Thermal Performance in Aquatic Species Under a Changing Climate

Pacific Ocean sunset. (Credit: Mark Taylor via Flickr CC BY-SA 2.0)

Under a rapidly changing climate regime with rising average temperatures, aquatic species are just one of many rungs of the global ecological ladder expected to be negatively impacted. Understanding thermal performance under this changing environment and studying the ability of species to adapt and survive is key to managing natural resources and fisheries.

Since changing temperatures and thermal stress can lead to the loss of key species in waterbodies all over the world, understanding the limits of aquatic species is essential to conserving and protecting fish.

Understanding Thermal Performance

It’s important to understand how thermal changes impact aquatic species. While thermal stress is commonly talked about as it can lead to death or disease in some species, thermal performance is a bit more complicated.

Broadly, thermal performance in aquatic species like fish refers to how well they can tolerate and function under various temperatures, per a 2016 research article. This refers to physiological processes, like growth or energy expenditure (metabolic rate), which can be impacted by temperature spikes or drops.

Changes in thermal performance are often represented by a curve that illustrates how these processes change under different temperature conditions (referred to as thermal performance curves or TPC). TPC plays an important role in determining the resilience and responses of species in a warming climate.

For example, temperature acclimation is an important process that fish undergo when exposed to temperatures near the thresholds of their preferred temperature range. According to an article published in The Conversation, fish acclimate when temperature forces a natural change in physiological processes.

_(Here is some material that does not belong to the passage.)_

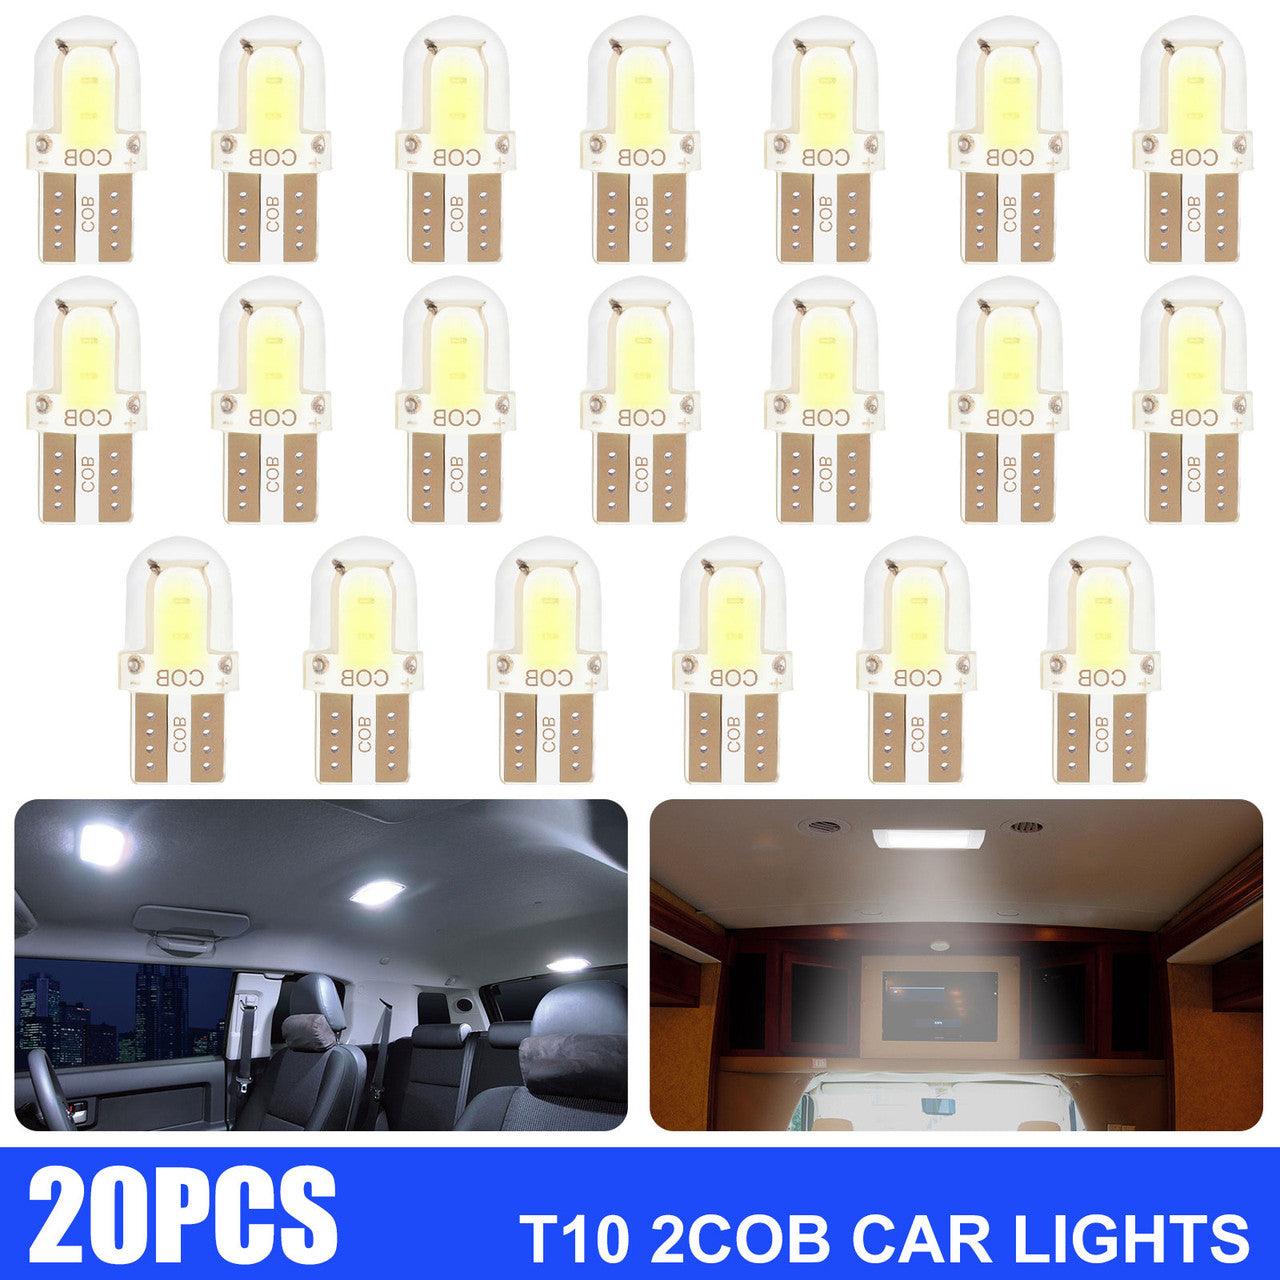 20Pcs T10 194 LED Bulbs Super Bright, T10 Wedge 194 168 158 W5W LED Bulbs, 2COB Chipset LED Bulbs for License Plate Lights Interior Map Dome Side Marker Courtesy Cargo Lights, 6000K Xenon White, 12V

Many researchers have sought to unravel the limits of thermal acclimation and the processes involved in hopes of furthering our understanding of climate response in aquatic species. Though many performance studies are conducted in a laboratory setting, a 2024 study found that the results of lab acclimation treatment are applicable to wild fish.

The Difference and Connection Between Thermal Performance and Thermal Resilience

It’s important to understand that, though similar, thermal performance differs from resilience. Simply put, resilience refers to how well species can withstand and recover from exposure to temperatures outside of their optimal range, while performance relates to the capacity to carry out essential processes at various temperatures.

An aquatic species’ performance can contribute to their overall resilience, as those less capable of adjusting to temperatures outside of their preferred range. And of course, both of these pieces are connected to thermal stress, which triggers both processes.

Conclusion

Ultimately, thermal performance is an important piece of conservation work and critical to future fisheries management. As temperatures are expected to continue to rise, according to Berkeley Earth, understanding the impacts of thermal stress, the intricacies of thermal performance, and the limits of thermal resilience will shape how humanity interacts with aquatic resources.